4.1 Names for global variables and gloabl functions

GLOBAL variables (to be used only if you _really_ need them) need to
have descriptive names, as do global functions.  If you have a function
that counts the number of active users, you should call that
"count_active_users()" or similar, you should _not_ call it "cntusr()".

4.2 Names for local variables

LOCAL variable names should be short, and to the point.  If you have
some random integer loop counter, it should probably be called "i".
Calling it "loop_counter" is non-productive, if there is no chance of it
being mis-understood.  Similarly, "tmp" can be just about any type of
variable that is used to hold a temporary value.


	Chapter 5: Typedefs

NOTE: This chapter is totally from Kernel CodingStyle. I think many codes
of john do't follow this rule. So should we follow this rule ?

Please don't use things like "vps_t".
It's a _mistake_ to use typedef for structures and pointers. When you see a

	vps_t a;

in the source, what does it mean?
In contrast, if it says

	struct virtual_container *a;

you can actually tell what "a" is.

Lots of people think that typedefs "help readability". Not so. They are
useful only for:

 (a) totally opaque objects (where the typedef is actively used to _hide_
     what the object is).

     Example: "pte_t" etc. opaque objects that you can only access using
     the proper accessor functions.

     NOTE! Opaqueness and "accessor functions" are not good in themselves.
     The reason we have them for things like pte_t etc. is that there
     really is absolutely _zero_ portably accessible information there.

 (b) Clear integer types, where the abstraction _helps_ avoid confusion
     whether it is "int" or "long".

     u8/u16/u32 are perfectly fine typedefs, although they fit into
     category (d) better than here.

     NOTE! Again - there needs to be a _reason_ for this.
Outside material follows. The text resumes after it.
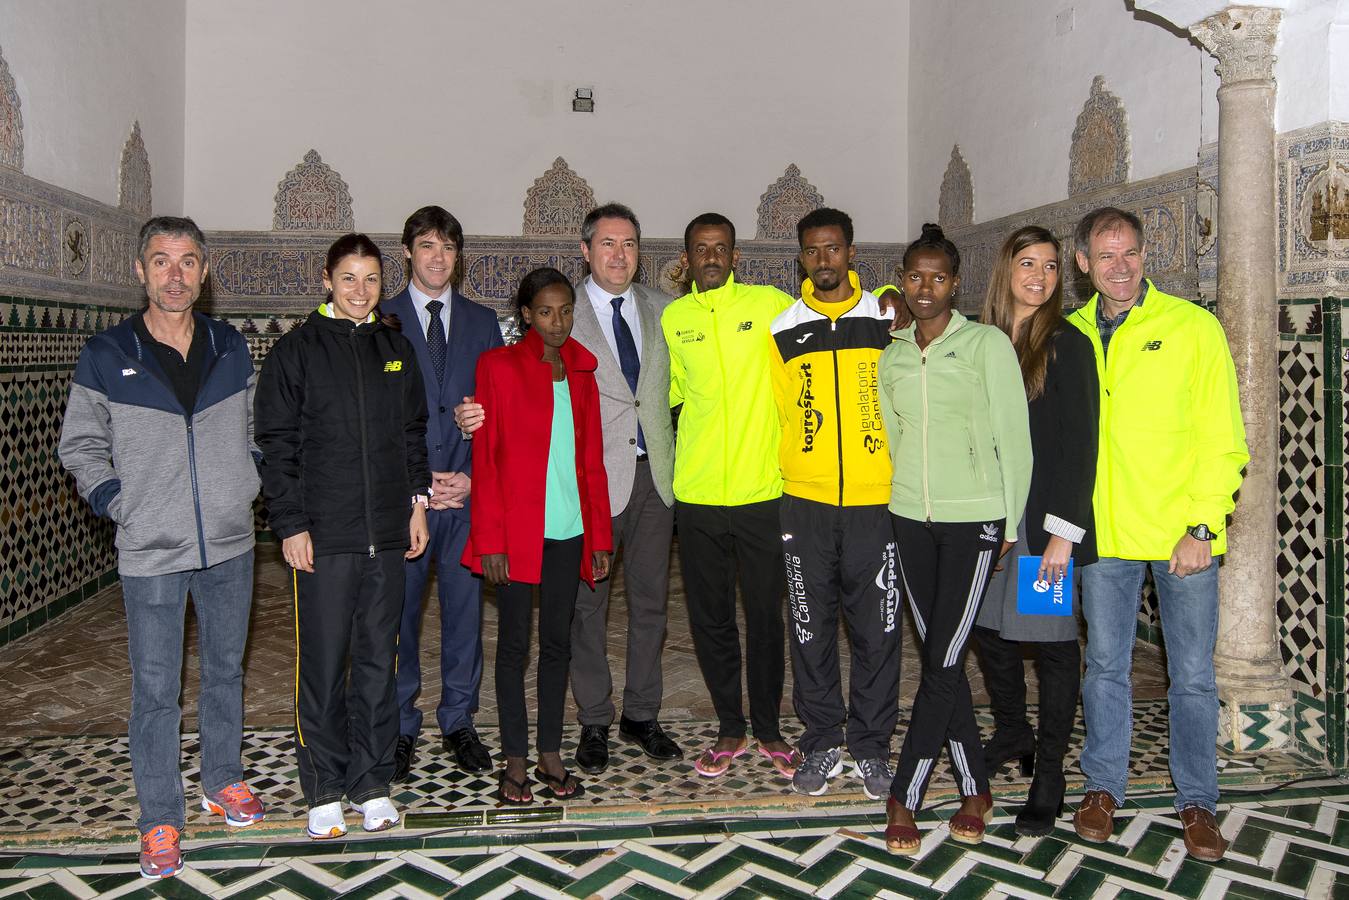 La presentación del Zurich Maratón de Sevilla, en imágenes

If something is
     "unsigned long", then there's no reason to do

	typedef unsigned long myflags_t;

     but if there is a clear reason for why it under certain circumstances
     might be an "unsigned int" and under other configurations might be
     "unsigned long", then by all means go ahead and use a typedef.

 (c) when you use sparse to literally create a _new_ type for
     type-checking.

 (d) New types which are identical to standard C99 types, in certain
     exceptional circumstances.

     Although it would only take a short amount of time for the eyes and
     brain to become accustomed to the standard types like 'uint32_t',
     some people object to their use anyway.

     Therefore, the Linux-specific 'u8/u16/u32/u64' types and their
     signed equivalents which are identical to standard types are
     permitted -- although they are not mandatory in new code of your
     own.

     When editing existing code which already uses one or the other set
     of types, you should conform to the existing choices in that code.

 (e) Types safe for use in userspace.

     In certain structures which are visible to userspace, we cannot
     require C99 types and cannot use the 'u32' form above. Thus, we
     use __u32 and similar types in all structures which are shared
     with userspace.

Maybe there are other cases too, but the rule should basically be to NEVER
EVER use a typedef unless you can clearly match one of those rules.

In general, a pointer, or a struct that has elements that can reasonably
be directly accessed should _never_ be a typedef.


	Chapter 6: Functions

6.1 Do't be too long

Functions should be short and sweet, and do just one thing.

There are long functions in john, such as formats.c::fmt_self_test_body()
which has 504 lines.

There are some cases that functions can be long, e.g.:

Conceptually simple function that is just one long (but simple)
case-statement, where you have to do lots of small things for a lot of
different cases, it's OK to have a longer function.

6.2 Complex functions

If you have a complex function, and you suspect that a less-than-gifted
first-year high-school student might not even understand what the function
is all about, you should adhere to the maximum limits all the more closely.
 Use helper functions with descriptive names (you can ask the compiler to
in-line them if you think it's performance-critical, and it will probably
do a better job of it than you would have done).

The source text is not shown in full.